Ma questi caratteri direi favolosi della libido sono già nel concetto di pulsione, in quanto tensione costante coestensiva alla vita. Così nella noia si mette a nudo, con gran disappunto del soggetto, questo istinto di vita che non trova nulla per nutrire il soggetto. La libido naufraga di fronte all’ente, che si nega come oggetto oggettuale. Nessun ente seduce la libido.

 

5. Lacan, desiderio senza meta

Per rendere chiara la struttura della pulsione, Lacan (1973, p. 163) propone uno schema:

 

 

Analyse Freudienne La pulsion si elle se répète c'est par l'effet du  signifiant. P. Wolosko, Paris 17/01/2017 - Analyse Freudienne

 

La fonte non è segnata qui, ma corrisponde all’inizio della freccia nella parte destra del bordo in basso, freccia emergente dal buco in cui consiste la zona erogena. (Il termine inglese rim significa bordo.) Egli usa due termini inglesi - aim e goal - per dire quel che Freud esprime con Ziel, meta. Si pensa che la meta della pulsione sia la propria soddisfazione, ma Freud aggiunge “seppure questa meta finale di ogni pulsione rimane invariata, più vie possono condurre alla stessa meta finale; perciò per una pulsione possono darsi molteplici mete prossime o intermedie le quali si combinano o si scambiano tra loro” (Freud 1915a, p. 18).
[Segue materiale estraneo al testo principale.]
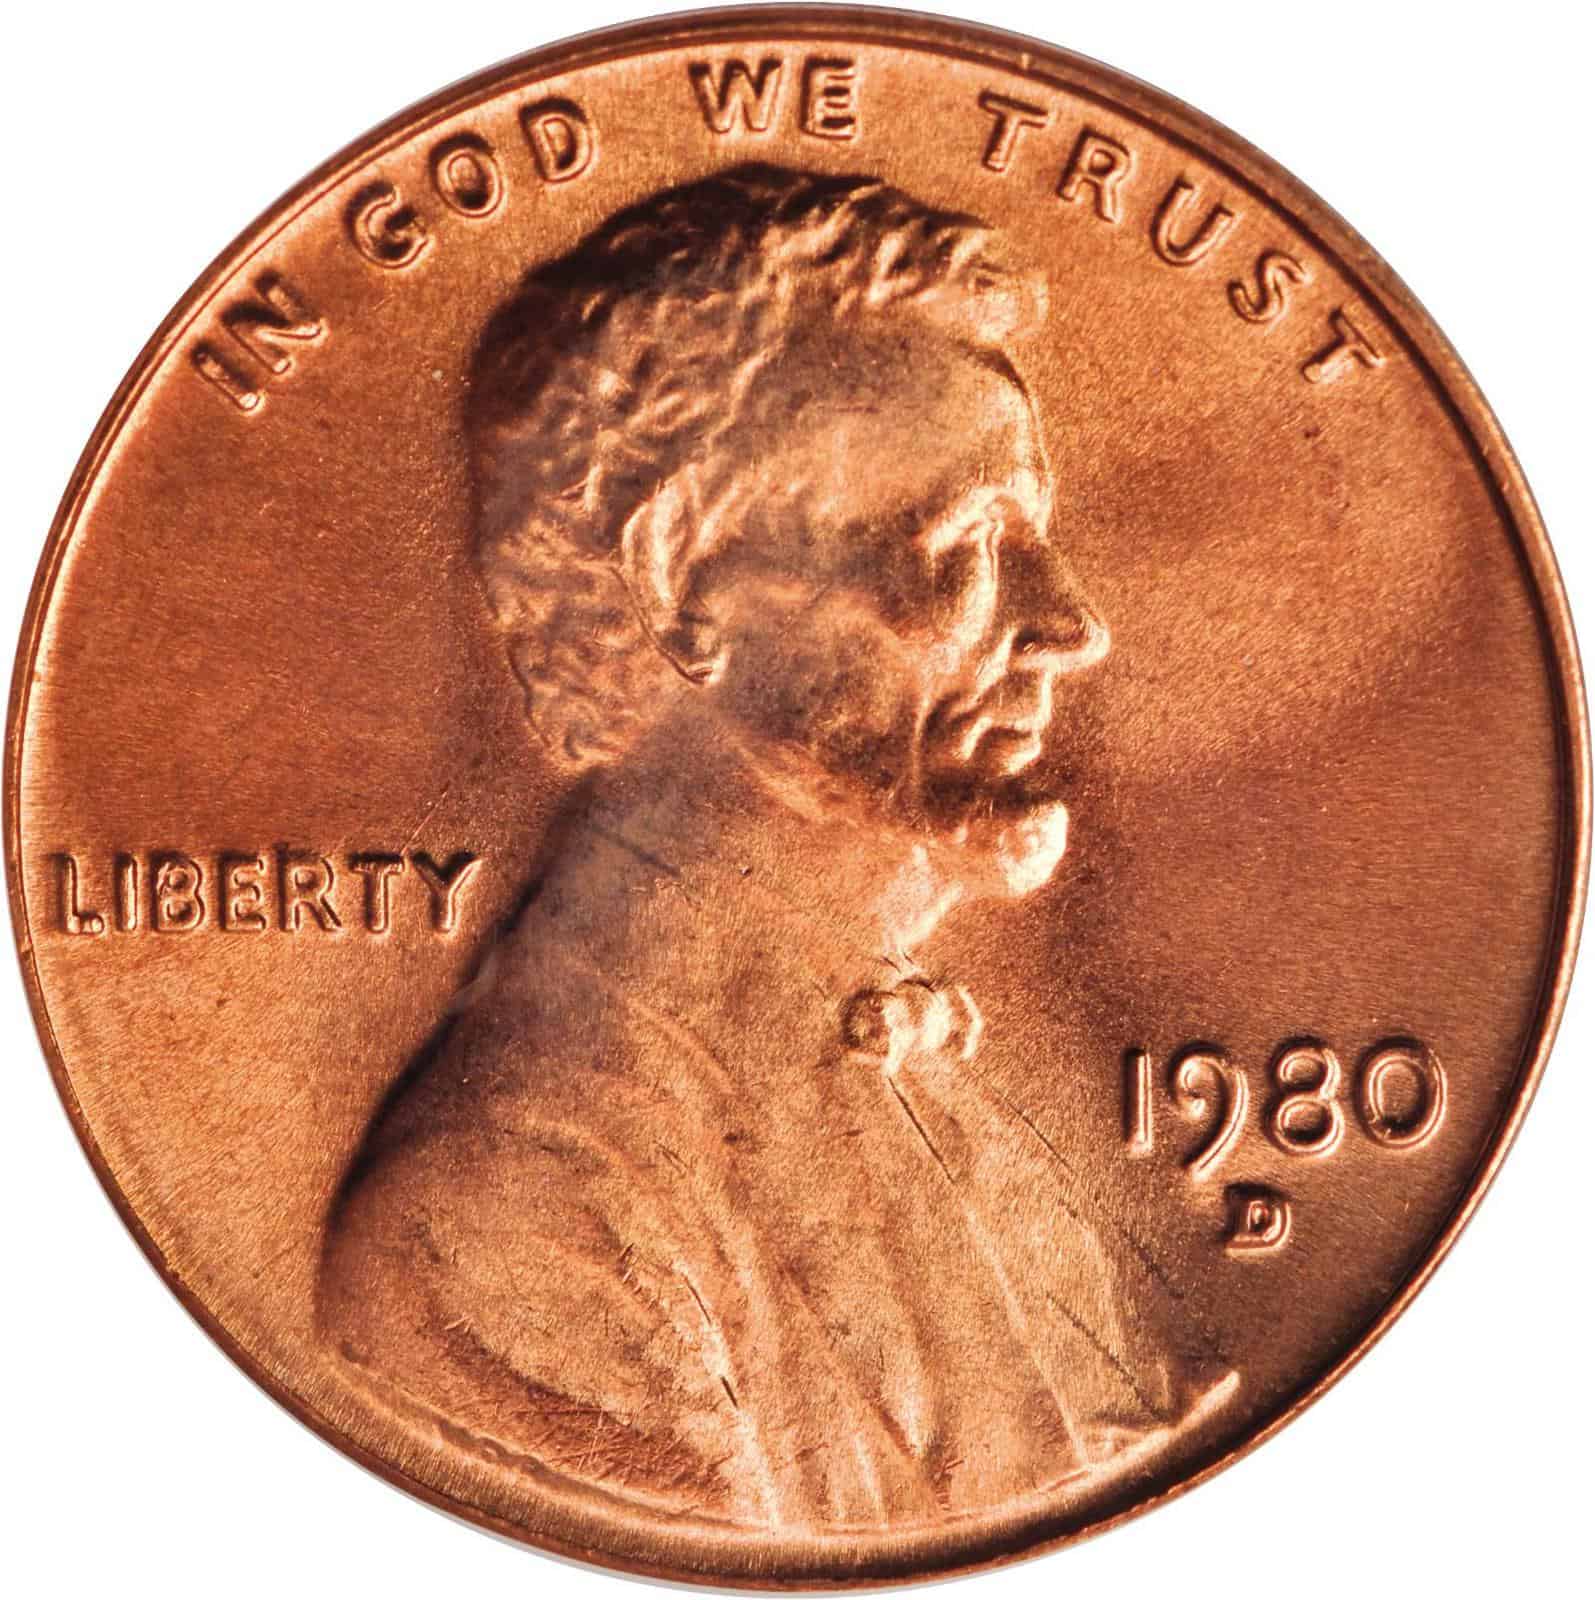 The Obverse of the 1980 Penny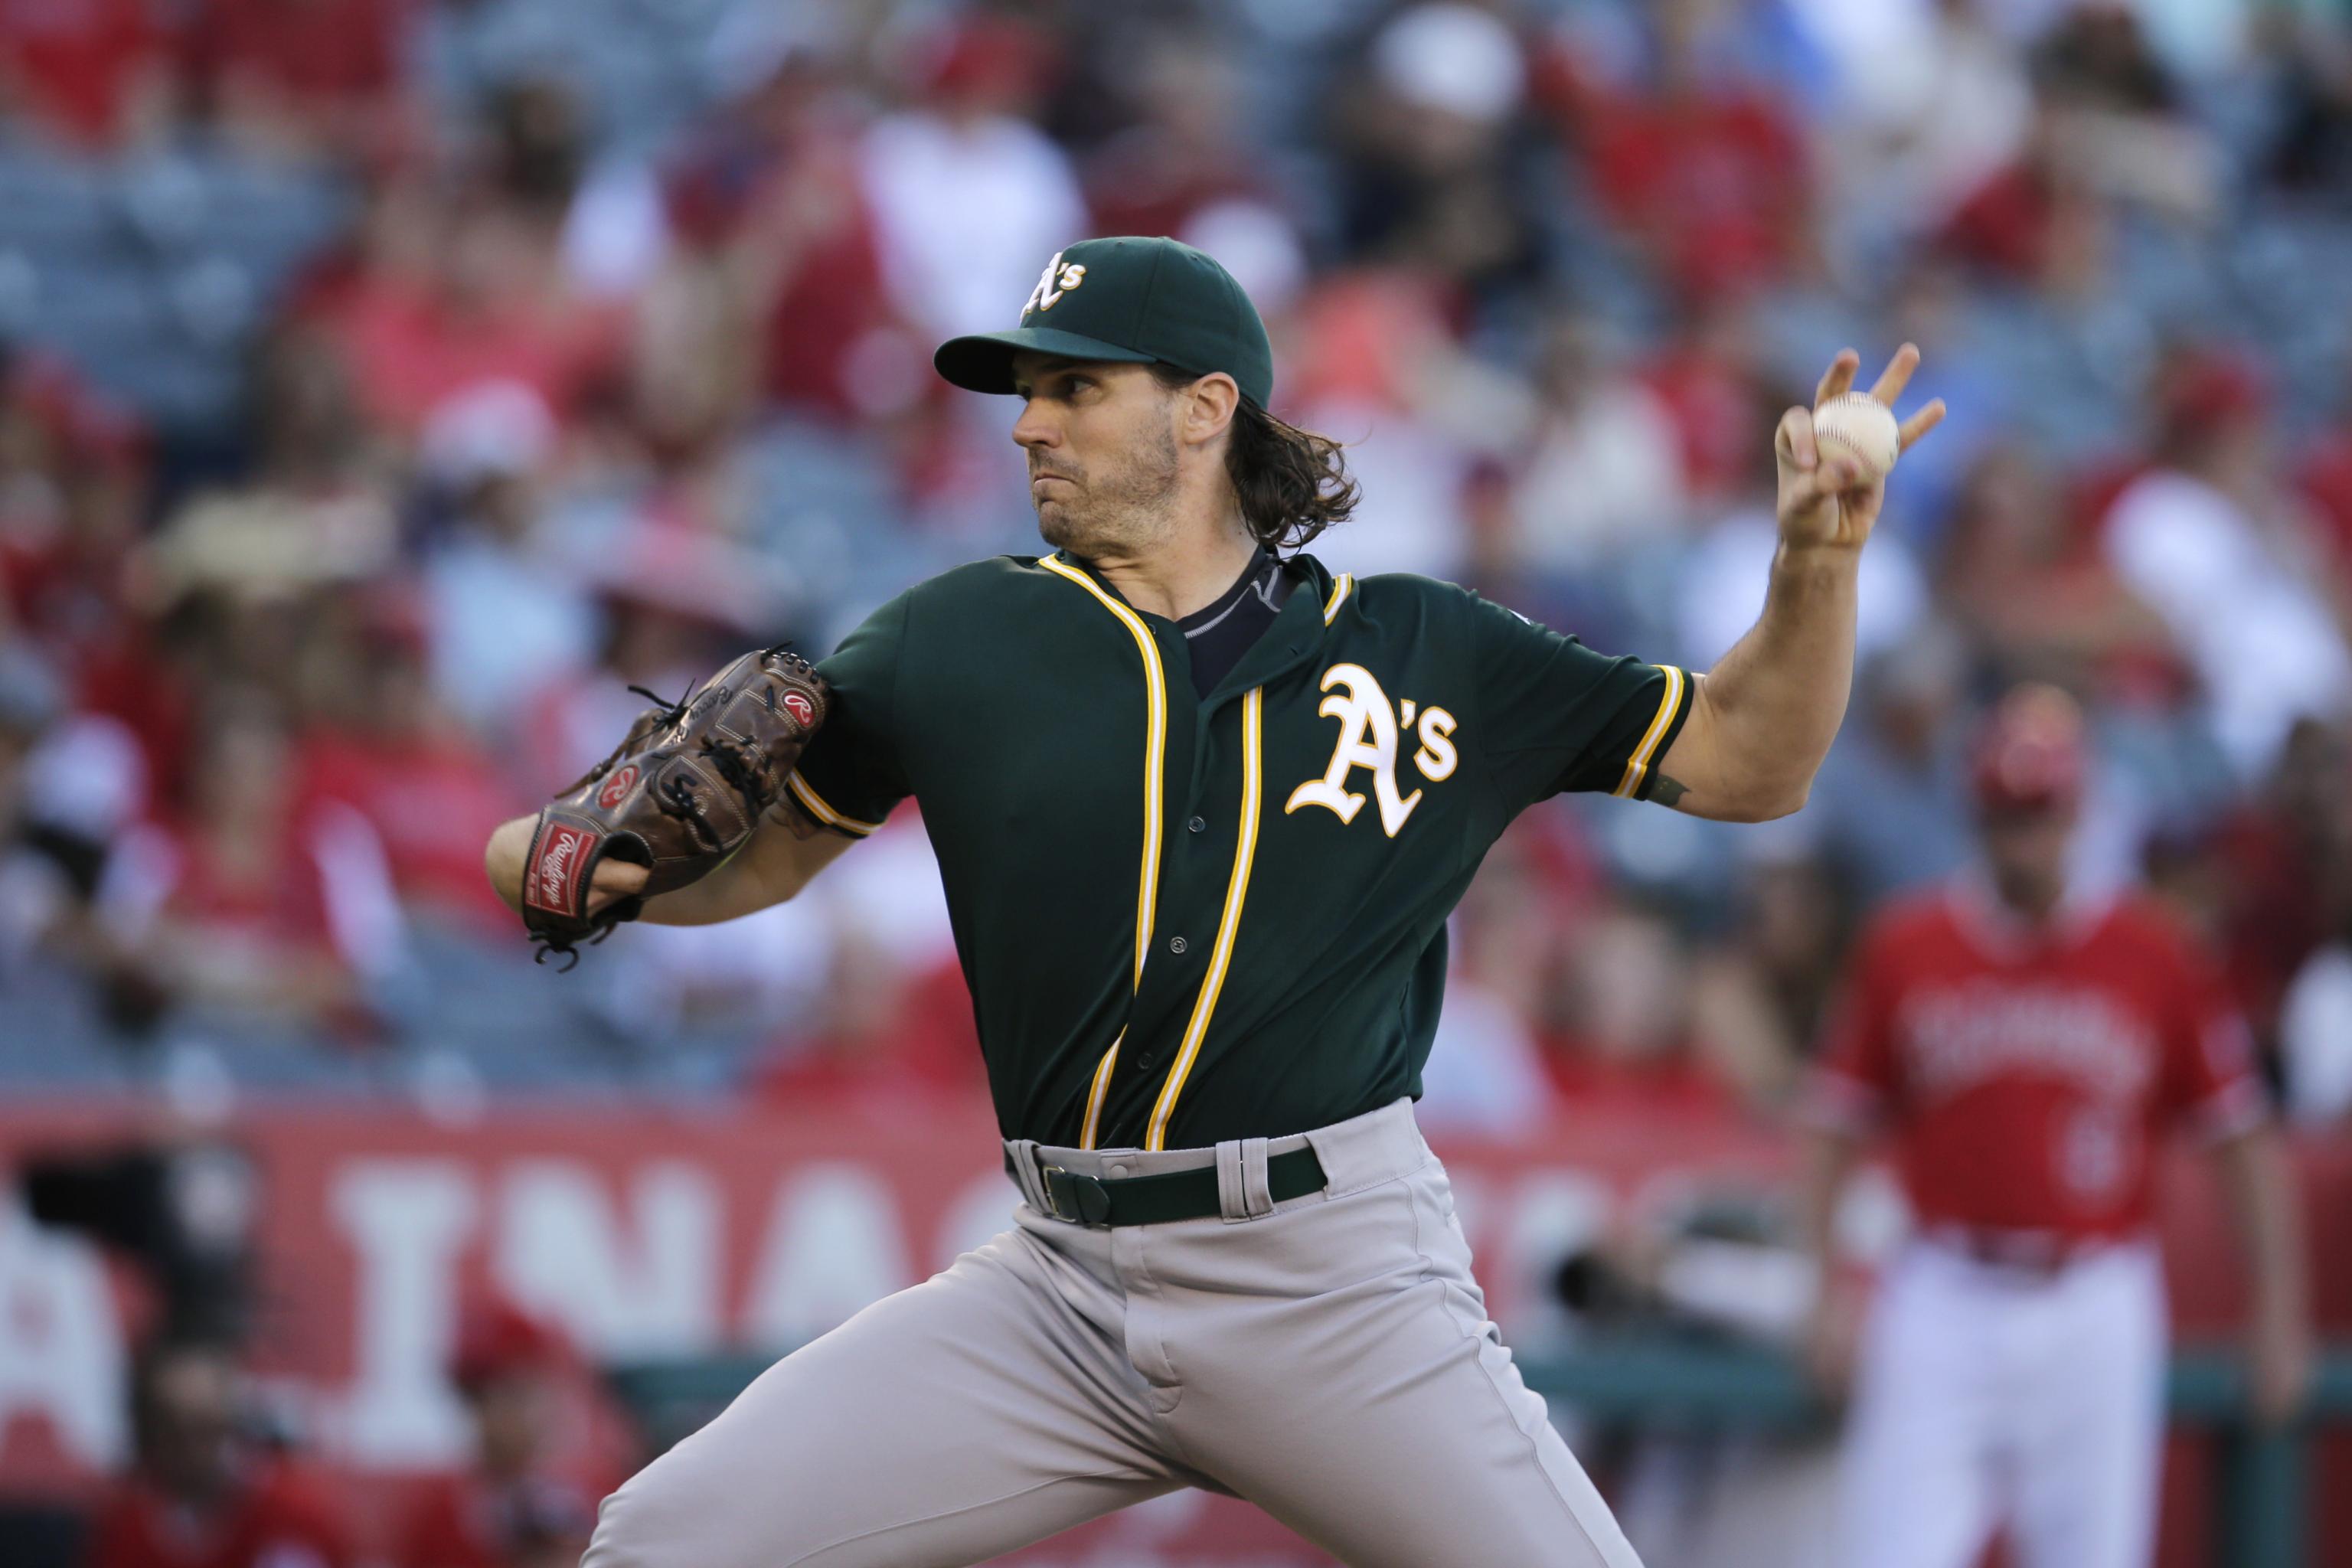 Thursday BP: The 8-year anniversary of Barry Zito's comeback

Il fatto che la meta non sia unica, che essa si scaglioni in una serie di mete intermedie, spinge Lacan a interpretare il Ziel come tragitto, percorso, aim. La meta finale, intesa come soddisfazione, goal, è piuttosto indicata da Lacan nello stadio finale del percorso quando la freccia del Drang torna sulla fonte stessa, chiudendo il cerchio. Insomma, la pulsione si soddisfa alla fin fine sempre autoeroticamente: la bocca bacia se stessa, l’occhio guardando soddisfa se stesso… L’oggetto quindi non viene catturato dalla spinta pulsionale, la quale piuttosto gli gira attorno. L’Objekt è quel che permette alla carne di godere di se stessa.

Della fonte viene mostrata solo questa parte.